You know, as much as I love living out on our acreage out in the country there are times I wonder if kicking the convenience of being in-town to the curb was the right thing to do. There are times I gripe about having to drive for 30 minutes to get to town, even though I know people commute MUCH longer distances and chunks of time than that, Then things like this afternoon happen. After hauling all of the kids to two separate birthday parties (it’s raining invitations, y’all) that were about 45 minutes away from each other and dragging all of them through Target to get the birthday presents, I was exhausted. Between trying to keep my bigger kids from smushing smaller kids in the bouncy-houses and keeping one of them from acting like Slimer of Ghostbusters at the party food tables, I was seriously ready to go home when the second party was over. After extracting my kids from various corners of the party, demanding they out on their shoes, and so on, we walked out to the car to find…. my keys locked in the godforsaken car. Let me begin by saying that I have NEVER locked my keys in this car, and I’ve had it for five years, and being that we are way out in the country with good people that we know, I didn’t lock my car and even left my keys and purse inside. Seriously, no one was going to mess with my stuff; we were behind a Feed and Hardware store (owned by the birthday girl’s grandfather) with the bouncy house and party in the warehouse, which was PERFECT, so when I sent my second oldest out to the car to bring my purse so I could give him some headache medicine, I didn’t think he would lock the car.
Obviously I was wrong.
When we discovered that my keys were, in fact, safely taunting us from my console, my oldest daughter went back into the party and told everyone what happened. Immediately, at least seven men (not exaggerating) came straight out and began to work on getting my car unlocked. Meanwhile, my younger kids and the other children were thrilled the party could continue andn enjoyed getting filthy while playing with a Black Lab pup in the field next to the building.

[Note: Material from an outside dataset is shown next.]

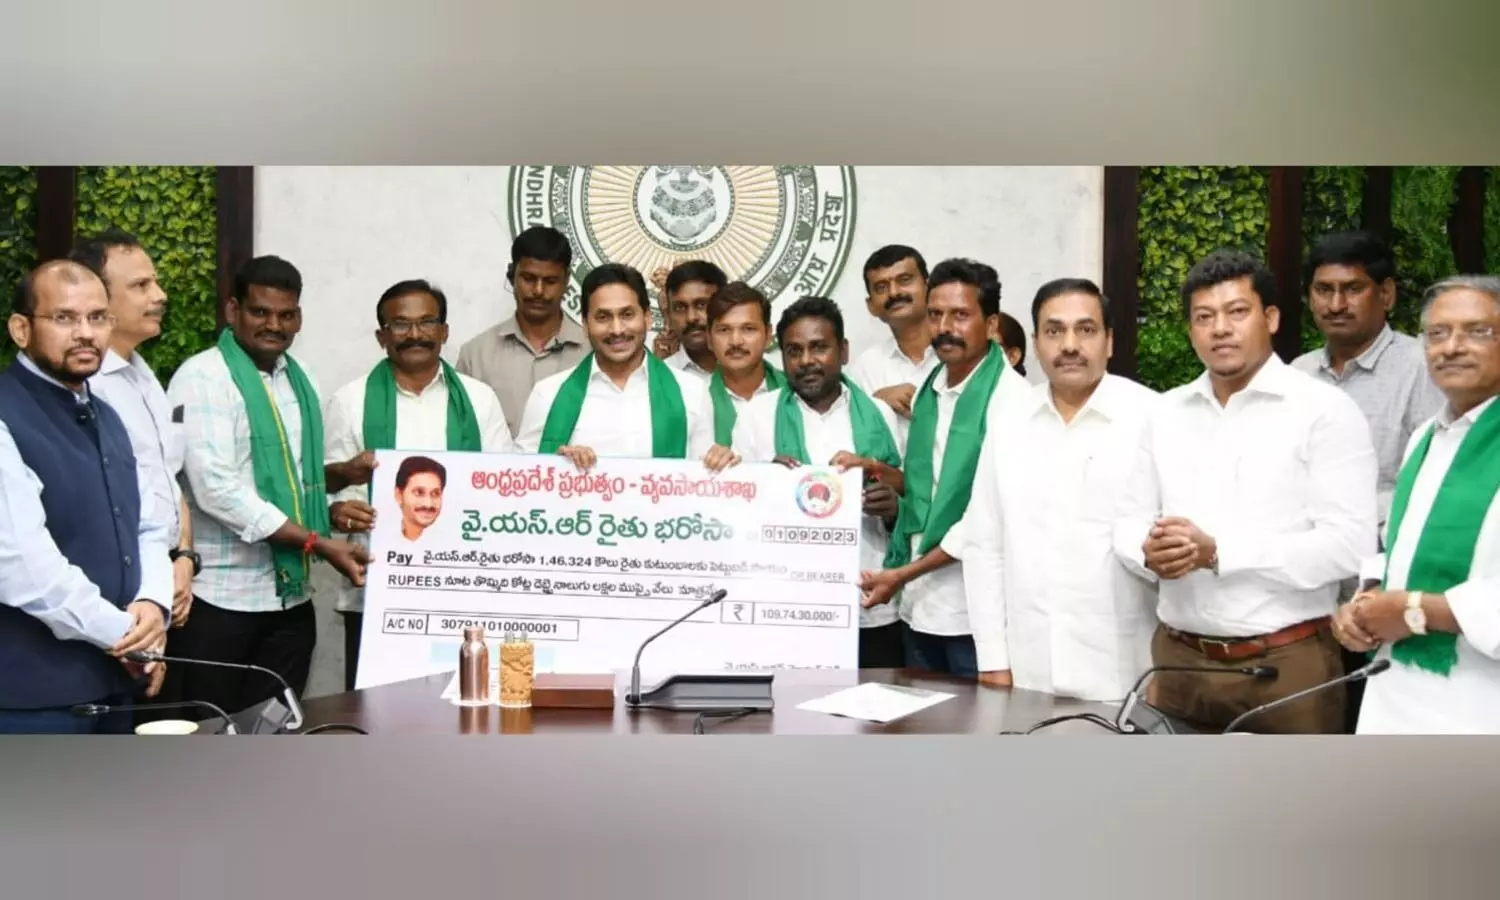 YS Jagan releases Rs 109 crore for Rythu Bharosa to 1.46 lakh tenant farmers
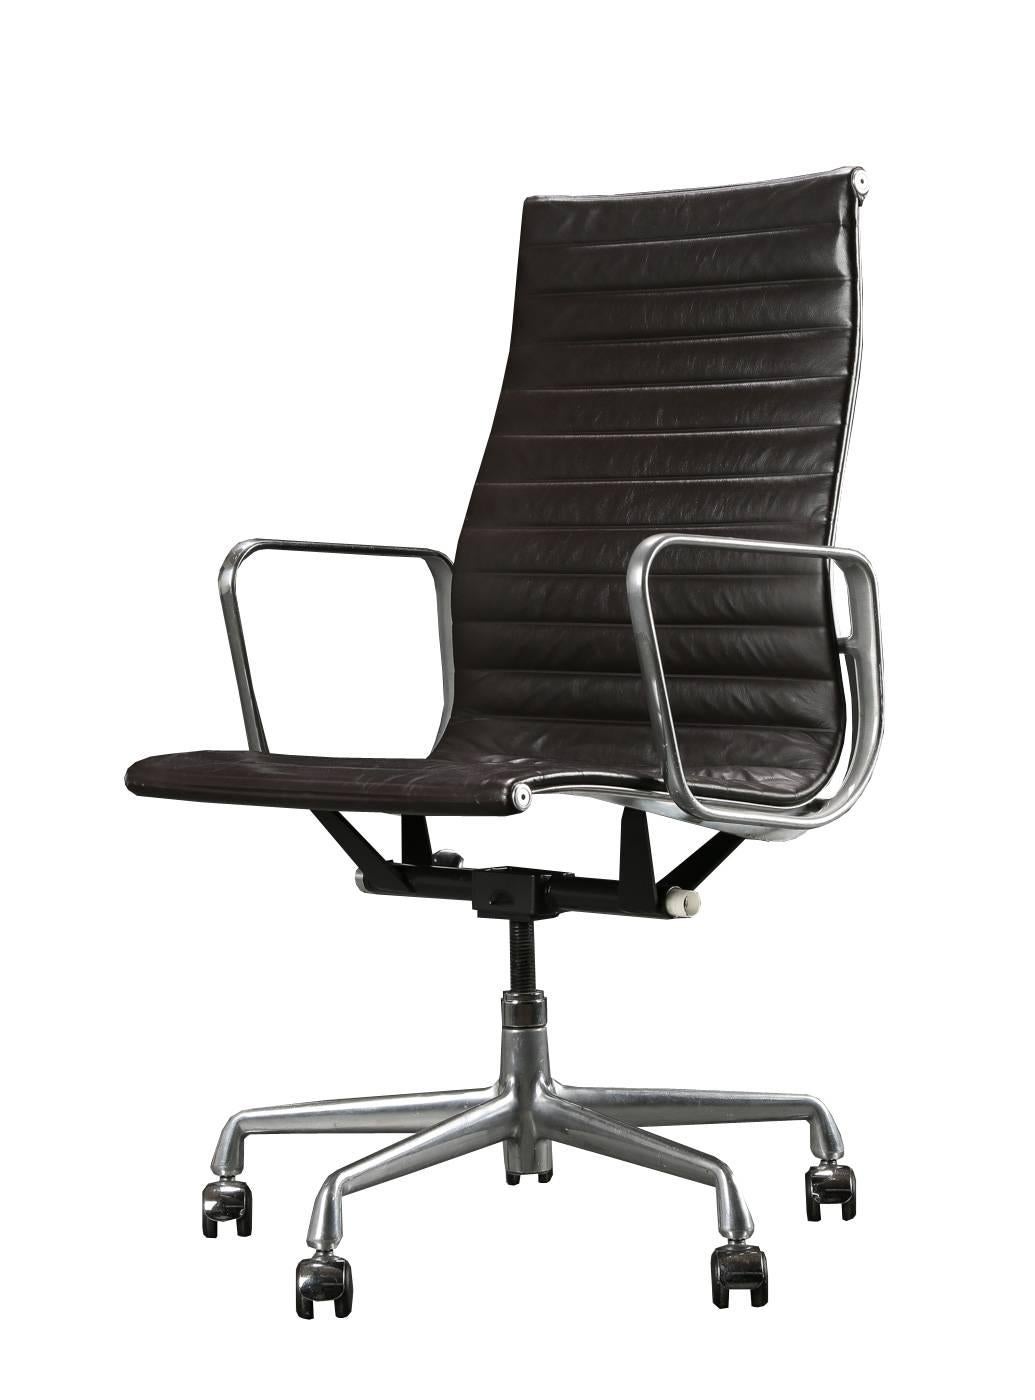 American Aluminium Series Office Chair by Charles and Ray Eames

Now I’m not saying that they didn’t welcome the chance to attack a mechanical problem as a break from the insanity of a kid’s birthday party, but they didn’t even hesitate before coming out there to help us. After deciding that the car had a “good seal” they brought out various pieces of wire and scrap metal and um, re-bar at one point, to try to reach the “unlock button” on my door.
This process went on for an hour as various guys tried their hand at it, including my very mechanically-minded oldest son.
He made suggestions, took criticisms from those that um, had experience with this, and allowed him to try his hand at it when he had an idea.
Did you hear me? People were willing to spend their precious time trying to fix my problem rather than just lending me a phone to call AAA or someone to unlock my car for a large sum of money that I don’t need to spend on dumb stuff like unlocking my car. Oh, and believe me, it’s not because they had nothing else to do. Work is never finished when you live out on a farm or a bunch of land like many of the people around here do, yet they took the time to help me out. For the most part, people are willing to stop what they’re doing and talk with you. Good conversation is becoming a lost art due to the overuse of technology (I’m guilty) and I can assure you that all of them have smartphones the stuff you have, just as I do, but for the most part the people I know down here aren’t as absorbed by it. Refreshing, to say the least.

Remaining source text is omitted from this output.